1920 Svenska Mästerskapet final
- Event: 1920 Svenska Mästerskapet
| Djurgårdens IF | IK Sleipner |
| 1 | 0 |
- Date: 24 October 1920
- Venue: Stockholm Olympic Stadium, Stockholm
- Referee: David Andersson, Gothenburg
- Attendance: 8,000

= 1920 Svenska Mästerskapet final =

The 1920 Svenska Mästerskapet final was played on 24 October 1920 between the eleventh-time finalists Djurgårdens IF and the first-time finalists IK Sleipner. The match decided the winner of 1920 Svenska Mästerskapet, the football cup to determine the Swedish champions. Djurgårdens IF won their fourth title with a 1–0 victory at Stockholm Olympic Stadium in Stockholm.

== Route to the final ==

=== Djurgårdens IF ===

Djurgårdens IF's route to the final
|  | Opponent | Result |
|---|---|---|
| PR | Mariebergs IK (H) | 5–1 |
| QF | Helsingborgs IF (A) | 2–1 |
| SF | IFK Göteborg (H) | 1–0 |

Djurgården beat Mariebergs IK 5–1 in the preliminary round on 13 August 1920 at home. In the quarter-final, Djurgården won against Helsingborgs IF away, 2–1 on 19 September 1920. On 17 October 1920, Djurgården won the semi-final against IFK Göteborg at home in Stockholm, 1–0.
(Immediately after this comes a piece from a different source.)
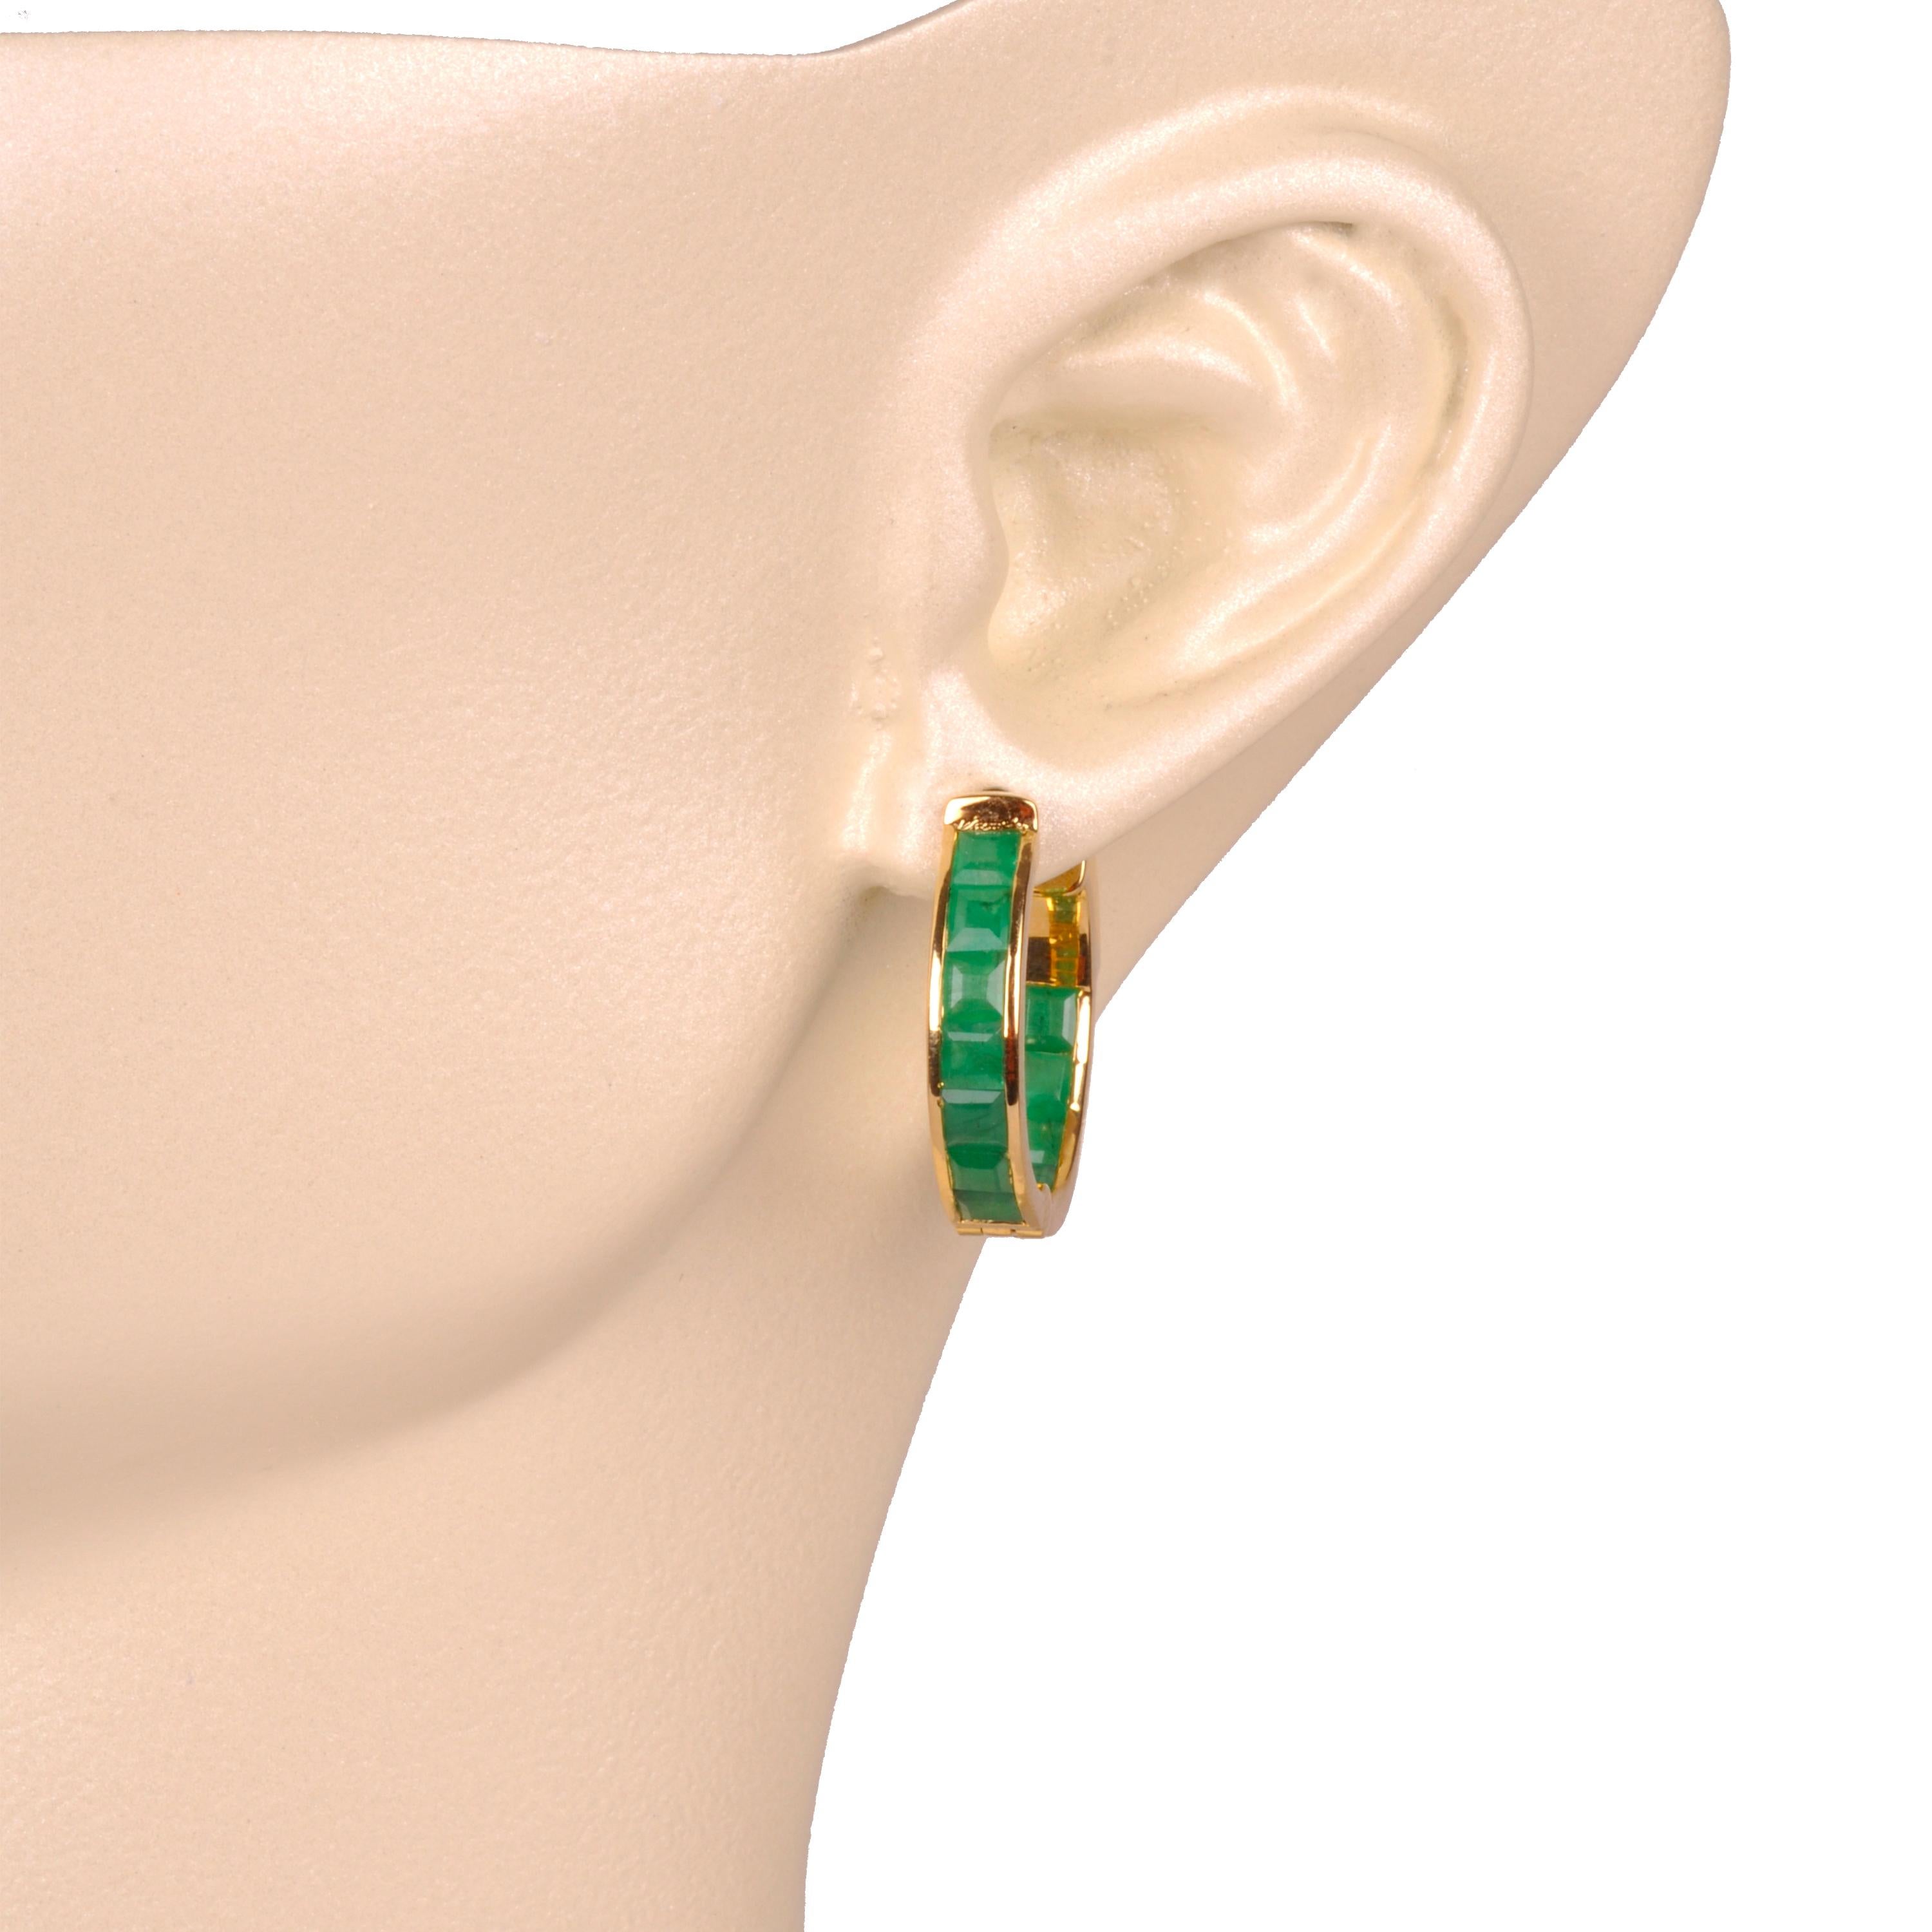 18 Karat Gelbgold 3mm quadratische natürliche brasilianische Smaragd Ohrringe.

Unsere klassischen Smaragdring-Ohrringe sind eine zeitlose Mischung aus Eleganz und Raffinesse. Diese mit viel Liebe zum Detail gefertigten, exquisiten Ohrringe strahlen

Djurgårdens IF made their eleventh appearance in a Svenska Mästerskapet final, having won three and lost seven, including the previous final against GAIS.
=== GAIS ===

IK Sleipner's route to the final
|  | Opponent | Result |
|---|---|---|
| 2QR | IK City (H) | 3–1 |
| 3QR | Kalmar IS (H) | 3–1 (a.e.t.) |
| PR | IFK Norrköping (A) | 4–0 |
| QF | AIK (A) | 1–1 |
| QF | AIK (H, replay) | 5–1 |
| SF | IFK Uddevalla (H) | 2–0 |

IK Sleipner entered in the second qualifying round and on 25 July 1920, beating IK City at home with 3–1. In the third qualifying round on 1 August 1920, IK Sleipner drew against Kalmar IS at home but won 3–1 after extra time. IK Sleipner was drawn against IFK Norrköping in the preliminary round, and the away-game match on 10 August 1920 ended in a 4–0 win. The away-game quarter-final against AIK on 3 October 1920 ended in a 1–1 draw and one week later, on 10 October 1920, IK Sleipner won the replay at home, 5–1. On 17 October 1920, IK Sleipner won the semi-final at home in Norrköping against IFK Uddevalla with 2–0.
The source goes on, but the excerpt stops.